### [WORK INSTRUCTIONS]
Restate the listing below word for word; no pictures belong in the copy.

### [STORED DATA]
________________________________________
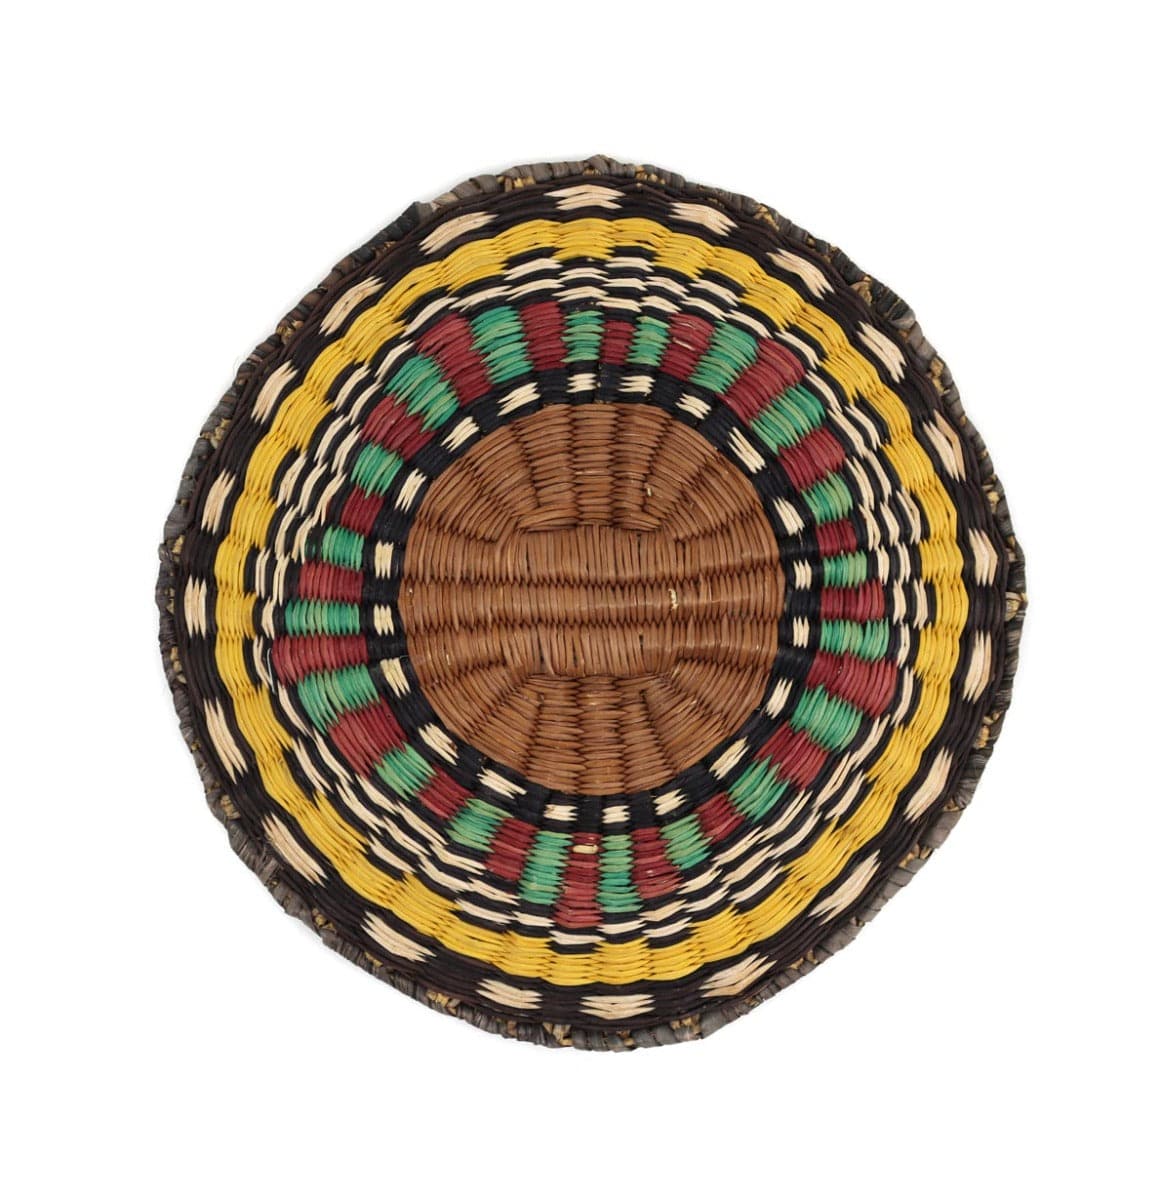 Hopi Polychrome Wicker Plaque c. 1960s, 9.5" diameter (SK3349) 2
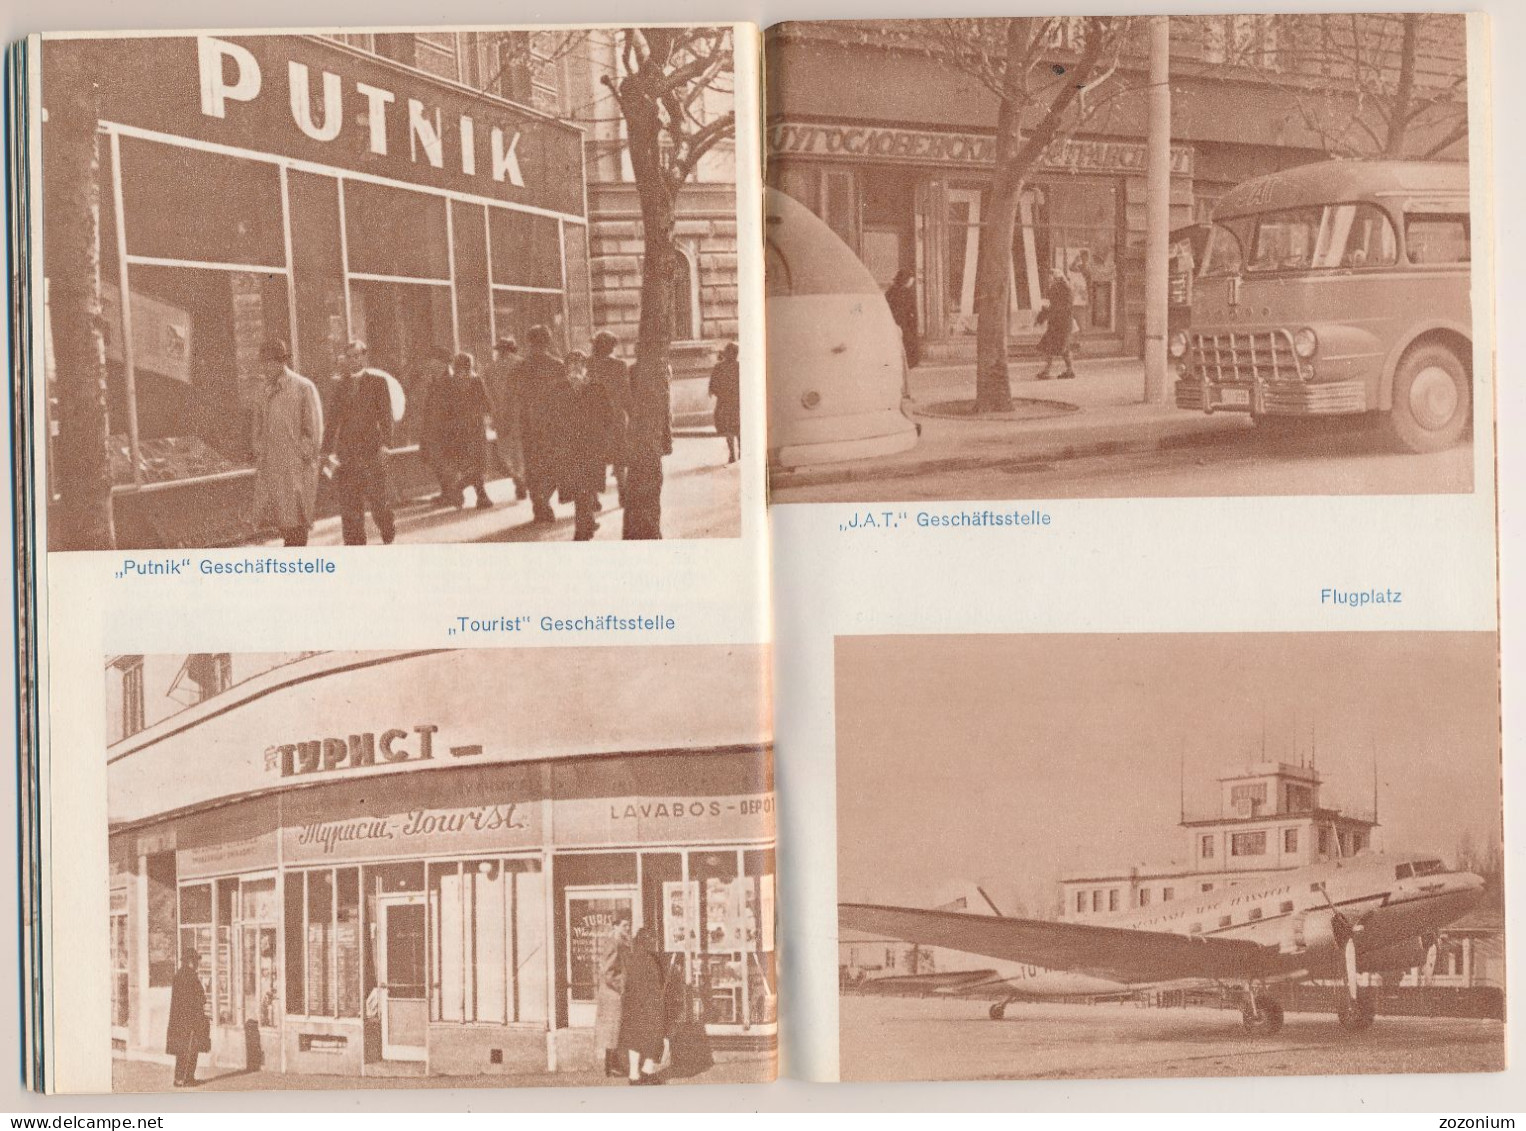 1950s Beograd, Serbia, Yugoslavia Vintage Turistic Brochure Old Prospect - Dépliants Touristiques
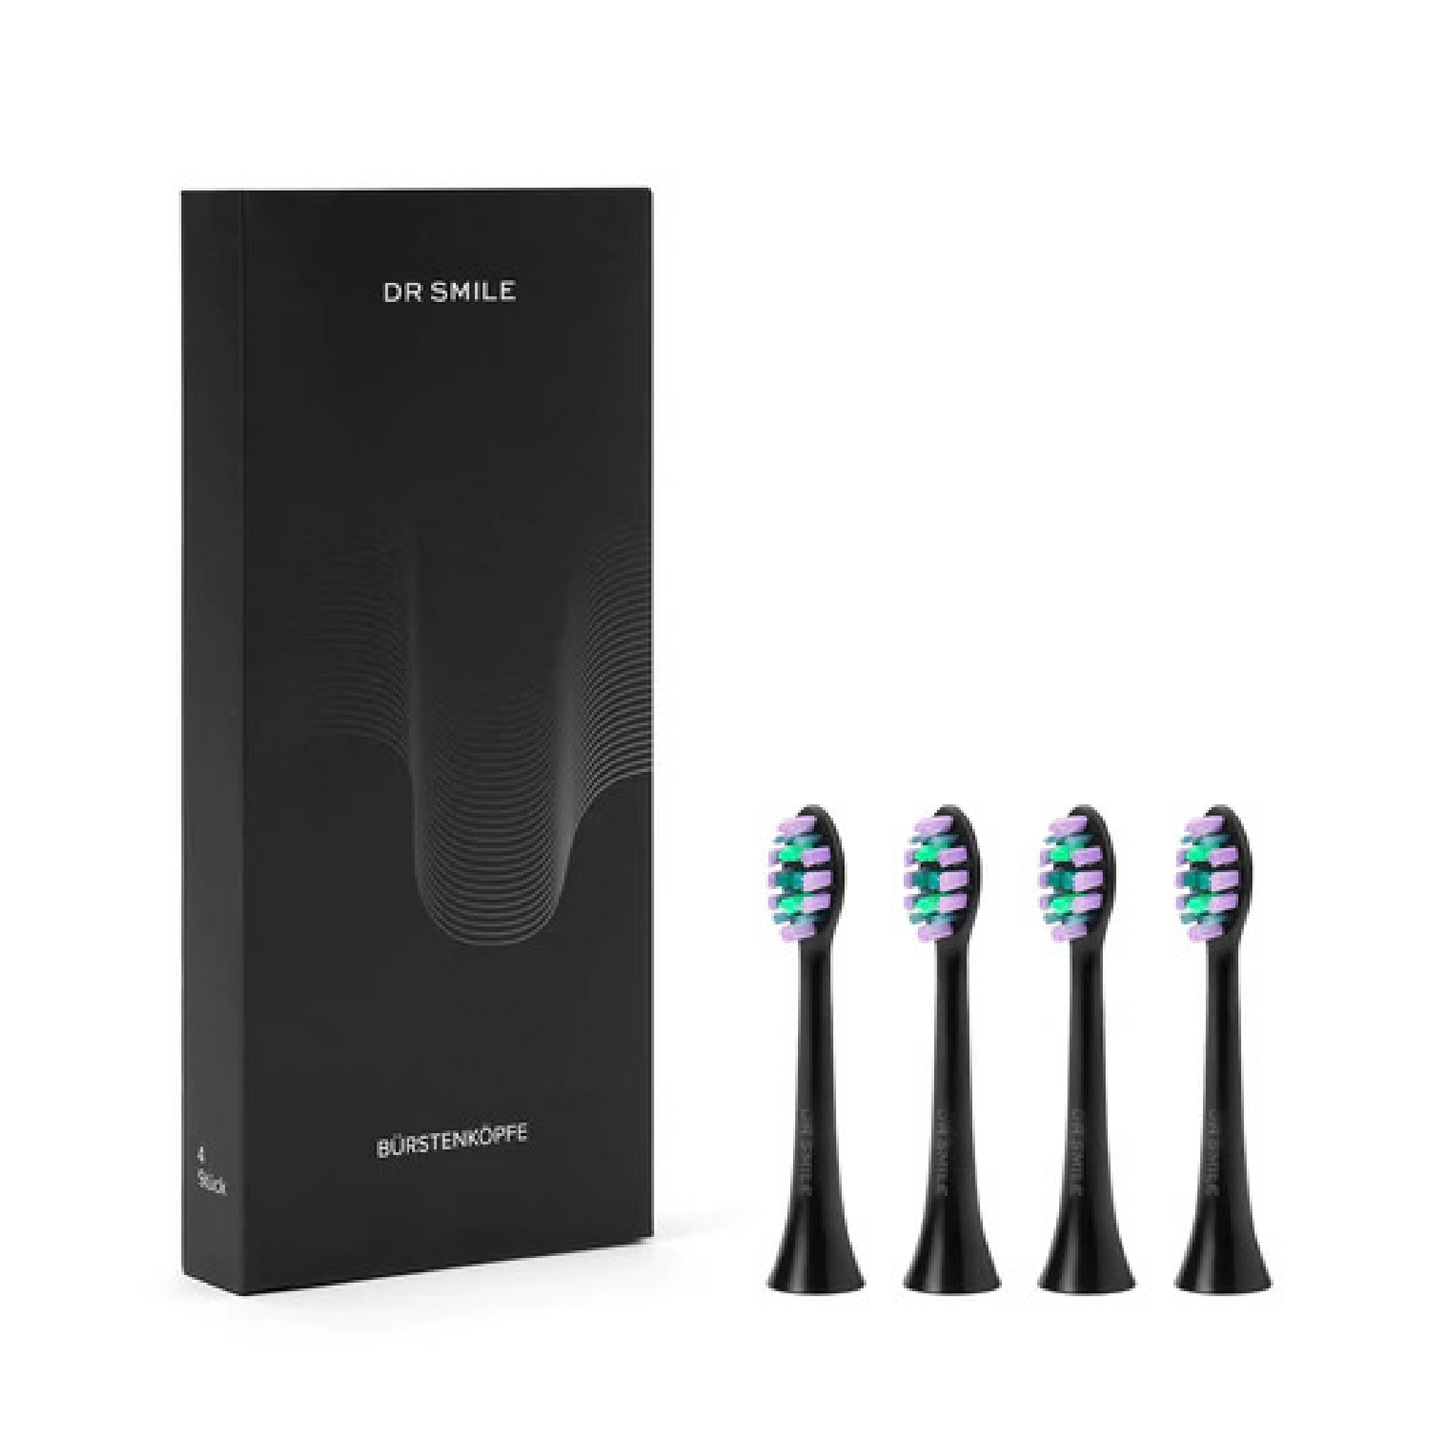 Opzetborstels voor de DR SMILE sonische tandenborstel, set van 4, zwart
________________________________________
### [FINISHED TASK]
 Hopi Polychrome Wicker Plaque c. 1960s, 9.5" diameter (SK3349) 2
 1950s Beograd, Serbia, Yugoslavia Vintage Turistic Brochure Old Prospect - Dépliants Touristiques
 Opzetborstels voor de DR SMILE sonische tandenborstel, set van 4, zwart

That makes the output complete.